In braced frames, on the other hand, trussing or triangulation of the frame is used to achieve lateral stability. The trussing is usually achieved by inserting diagonal members in the rectangular bays of the frame. If single diagonals are used, they serve a dual function, acting in tension for the lateral loads in one direction and in compression when the load direction is in the opposite direction. Because tension members are generally more structurally efficient, the frame is sometimes braced with a double set of diagonals (called "X-bracing"). In any event, the trussing causes lateral loads to induce only axial force in the members of the frame, as compared to the behavior of the rigid frame. It also generally results in a frame that is stiffer, having less deformation than the rigid frame.
Significantly, in designing a structure to resist lateral loads, it is not necessary to brace every individual bay of the rectangular frame system. Usually, sufficient bracing is achieved by bracing only a few bays, or even only a single bay. Trussing tends to produce a structure that has a overall stiffness somewhere between that of a stiff diaphragm (shear wall) and that of the flexible moment-resistive frame.
Another major consideration in designing a structure subject to, for example, earthquakes is the detailing of construction connections so that the building is quite literally not shaken apart by earthquake. With regard to the structure, this means that the various separate elements must be positively secured to one another.
According to the prior art, for example, when using trussed structures, it was necessary to ensure that the structure itself is "tight." That is, connections should be made in a manner to assure that they will not be initially free of slack and will not loosen under load reversals or repeated loadings. This meant avoiding connections that are loose or which allow movement between the structural members. Avoiding loose connections is particularly important in systems subject to dynamic loading since relative movement between the structural members leads to increased wear and deterioration of the connection.
As is well known in the art, a zero resistance rotation may be introduced into a structure during the erection of rigidly braced frames. Specifically, certain initial column-girder connections may be constructed to permit rotation at the girder support during the application of a superimposed dead load.

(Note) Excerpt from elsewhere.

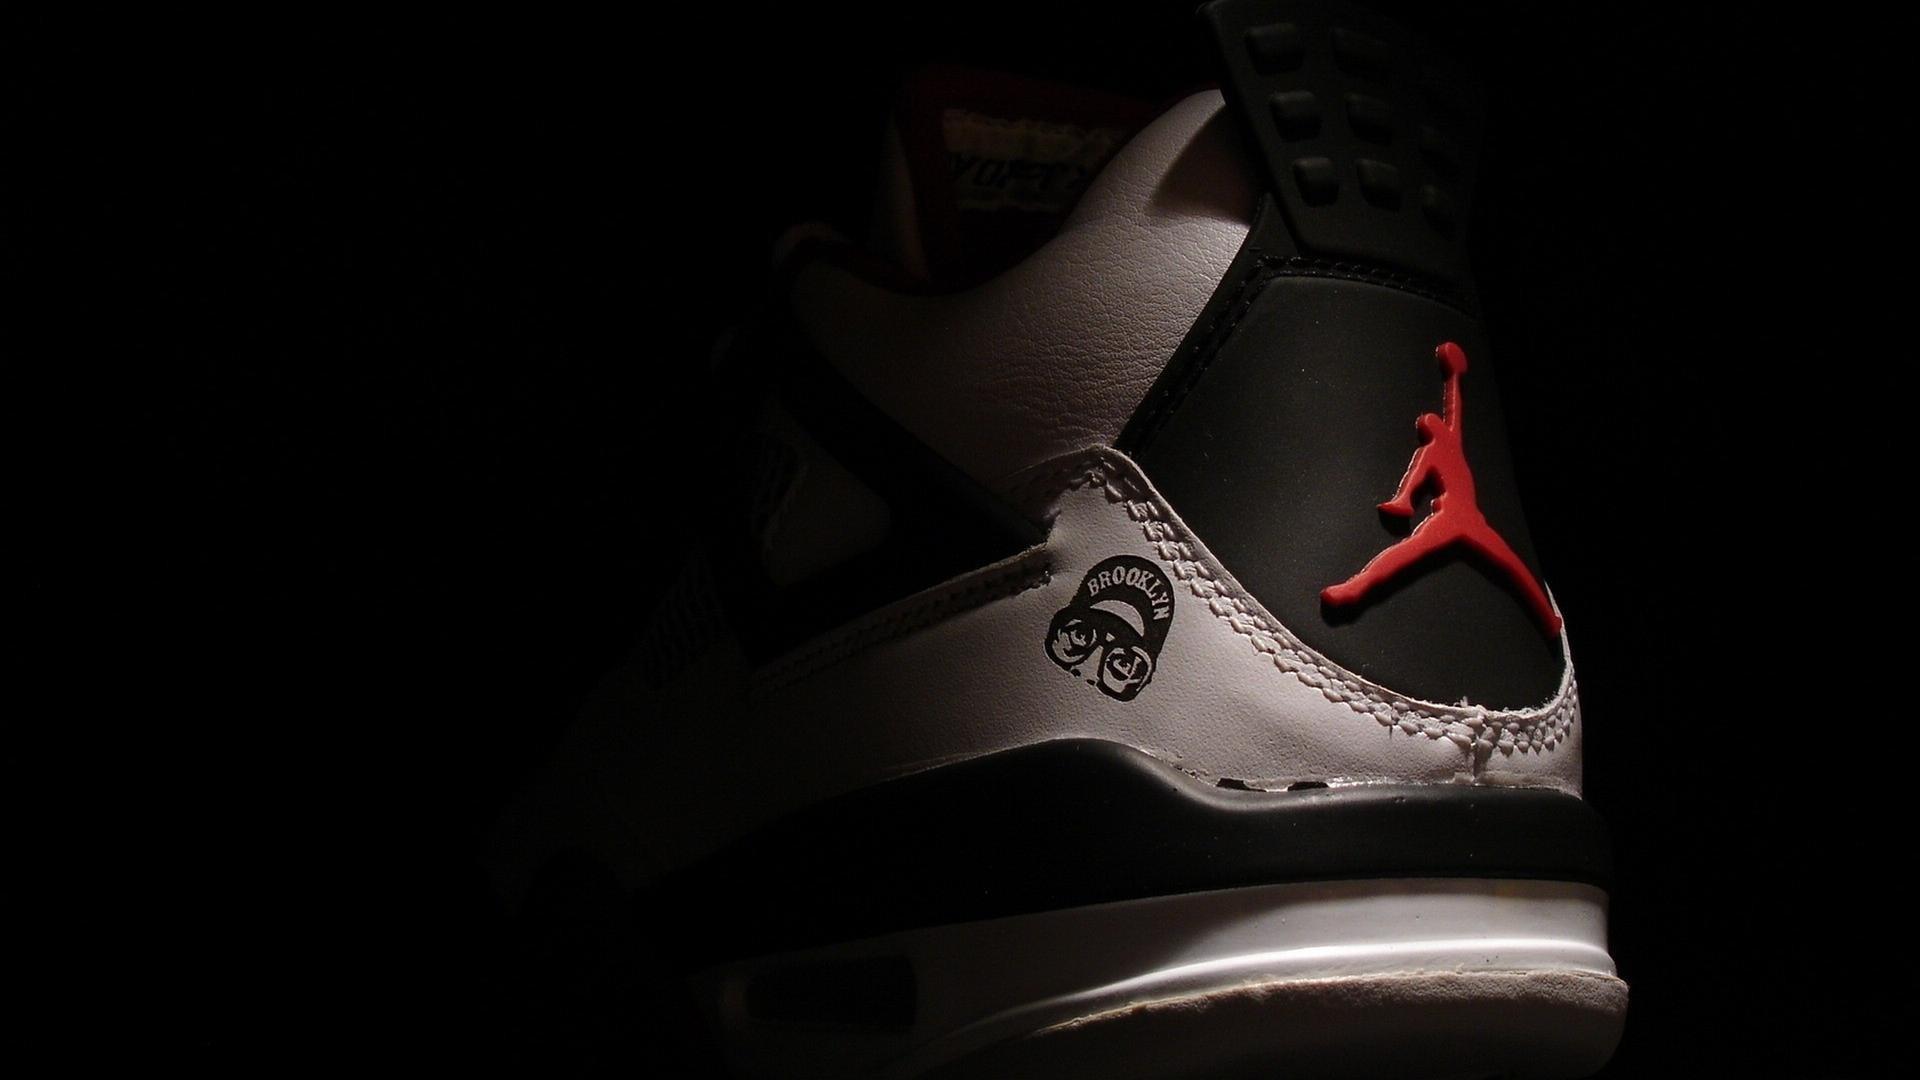 Res: 1920x1080, Air Jordan Shoes Wallpapers - Wallpaper Cave

After the initial load application, however, a final fixed connection of the columns is installed to prevent free rotation under any additional loading.
Movement in connections or slip response has also been proposed in seismic base isolation systems. In such systems, rigid body motion of the entire structure due to sliding of the foundation provides a constant frictional resistance.
In some other cases it is desirable to allow for some degree of independent motion of selected parts of a structure. In particular, it is desirable to use separation joints to secure various nonstructural elements, such as window glazing, to the structure. These joints permit some degree of independent movement of the nonstructural elements to prevent undesired transfer of force to these elements.
Another type of earthquake resistant system involves "active control". In these systems, a motion sensor detects motion of the structure and activates active controls, such as actuators or other mechanical devices, which counteract the motion. Active control systems are expensive and require maintenance for the electro-mechanical components.